The Plots Against Hitler

Title:                      The Plots Against Hitler

Author:                 Danny Orbach

Orbach, Danny (2016). The Plots Against Hitler. Boston: Houghton Mifflin Harcourt

LCCN:    2015043037

DD247.H5 O72 2016


  • “A new and definitive account of the anti-Nazi underground in Germany and its numerous plots to assassinate Adolf Hitler”– Provided by publisher.


  • Introduction — Opposition in flames — “That damned mare!” : the army top-brass scandal — The officer, the mayor and the spy — “In the darkest colors” : the decision of General Beck — The bird and its cage : first attempt at coup d’état — Without a network : the lone assassin — The point of no return : pogrom and war — The spirit of Zossen : when networks fail — Signs in the darkness : rebuilding the conspiracy — On the wings of thought : networks of imagination — Brokers on the frontline : the new strategy — War of extermination : the conspirators and the Holocaust — Flash and liqueur bottles : assassinations attempts in the East — Codename U-7 : rescue and abyss — Count von Stauffenberg : the charismatic turn — Thou shalt kill : the problem of tyrannicide — A wheel conspiracy : the Stauffenberg Era — The final showdown : July 20, 1944 — The shirt of Nessus — Motives in the twilight — Networks of resistance — Epilogue : knights in dirty armor : “heroes of the resistance and us”.

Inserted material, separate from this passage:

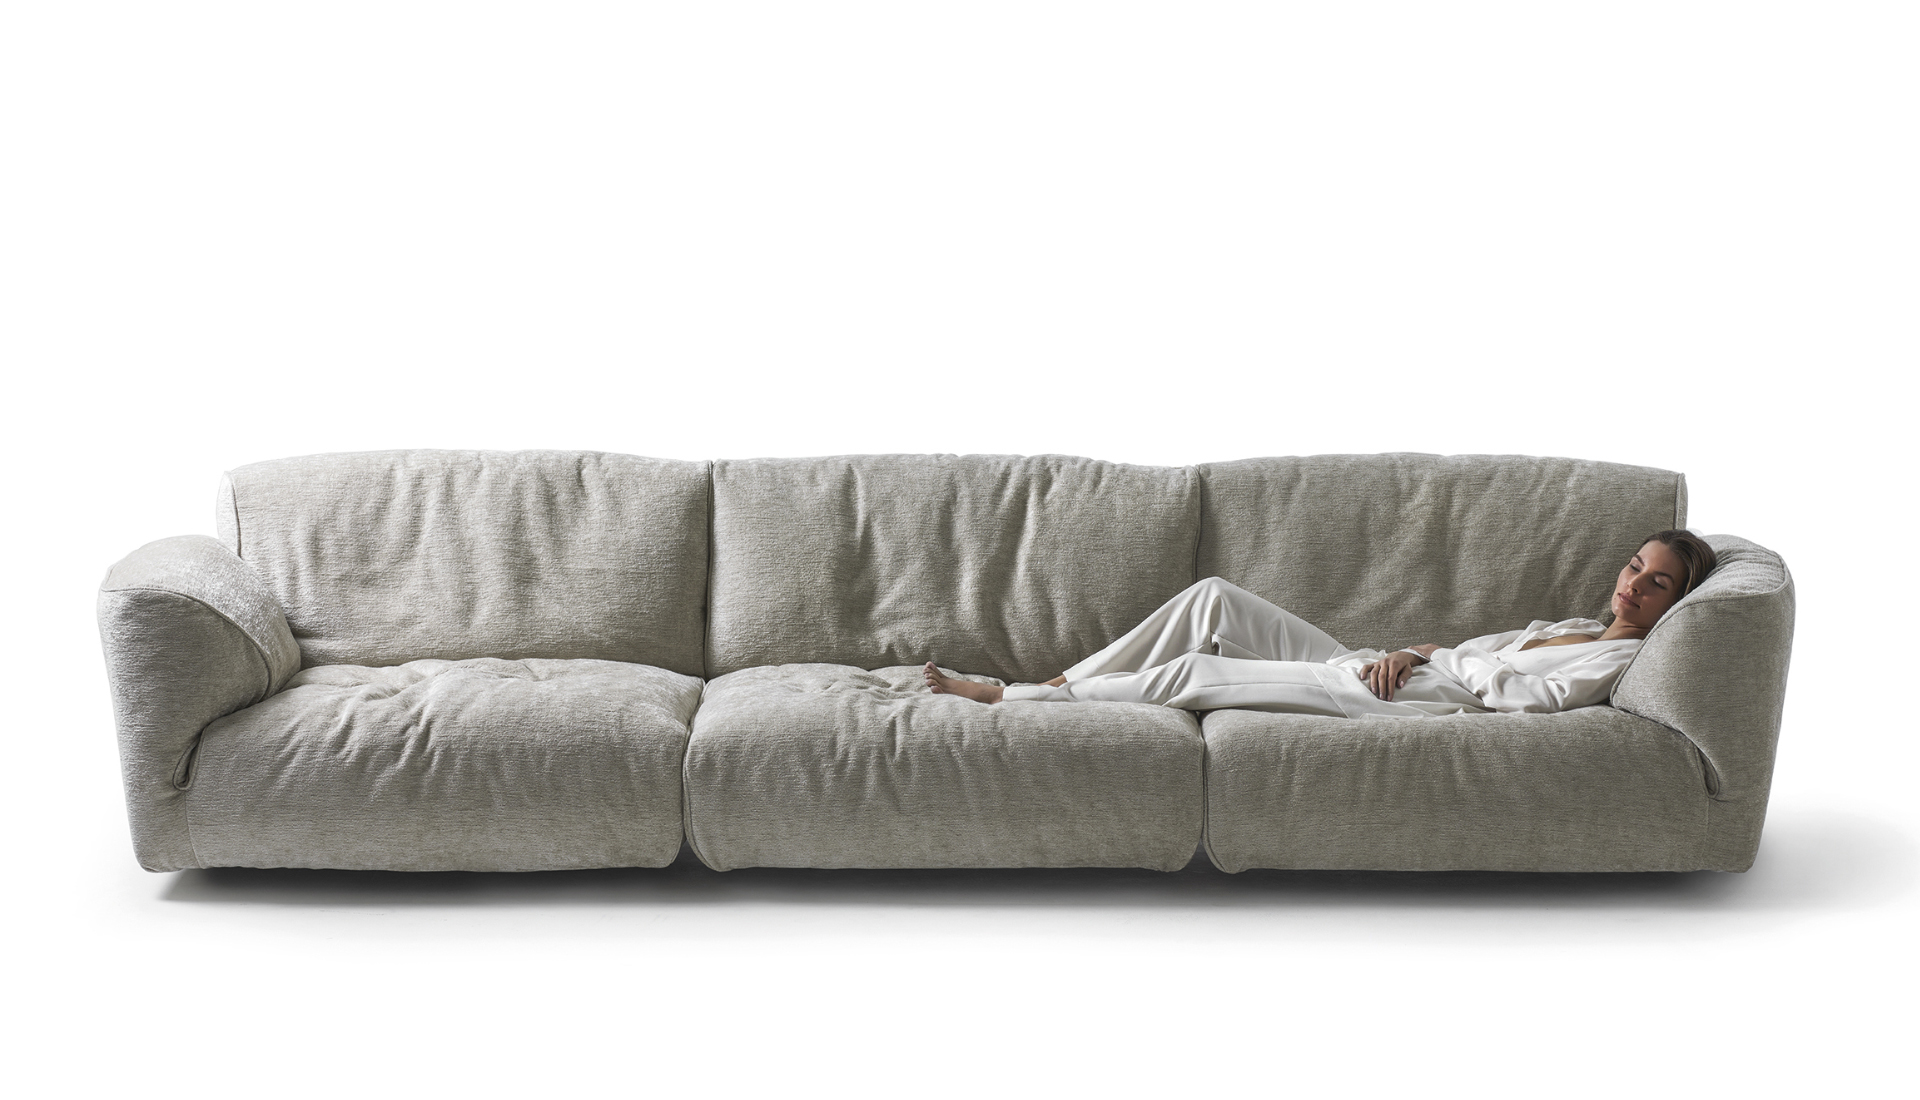 Валерия Сенькина, бюро Dseesion: как выбрать идеальный диван

Date Posted:      April 25, 2017

Reviewed in The Intelligencer[1]

Israeli historian Orbach analyzes the resistance movements that opposed the Nazis. Covers the famous Operation Valkyrie plot, and gives equal treatment to other serious attempts to resist the Nazis and assassinate Hitler. The extent of the resistance efforts of Admiral Canaris (head of German Military Intelligence), will surprise many readers. Too many historians have either idolized the resisters as heroes or condemned them as self-serving criminals. Orbach concludes that the resisters were imperfect but exceptional humans reacting to the moral repugnancy of criminal Nazis acts.

[1] The Intelligencer (22, 2, Fall 2016, p. 130 ).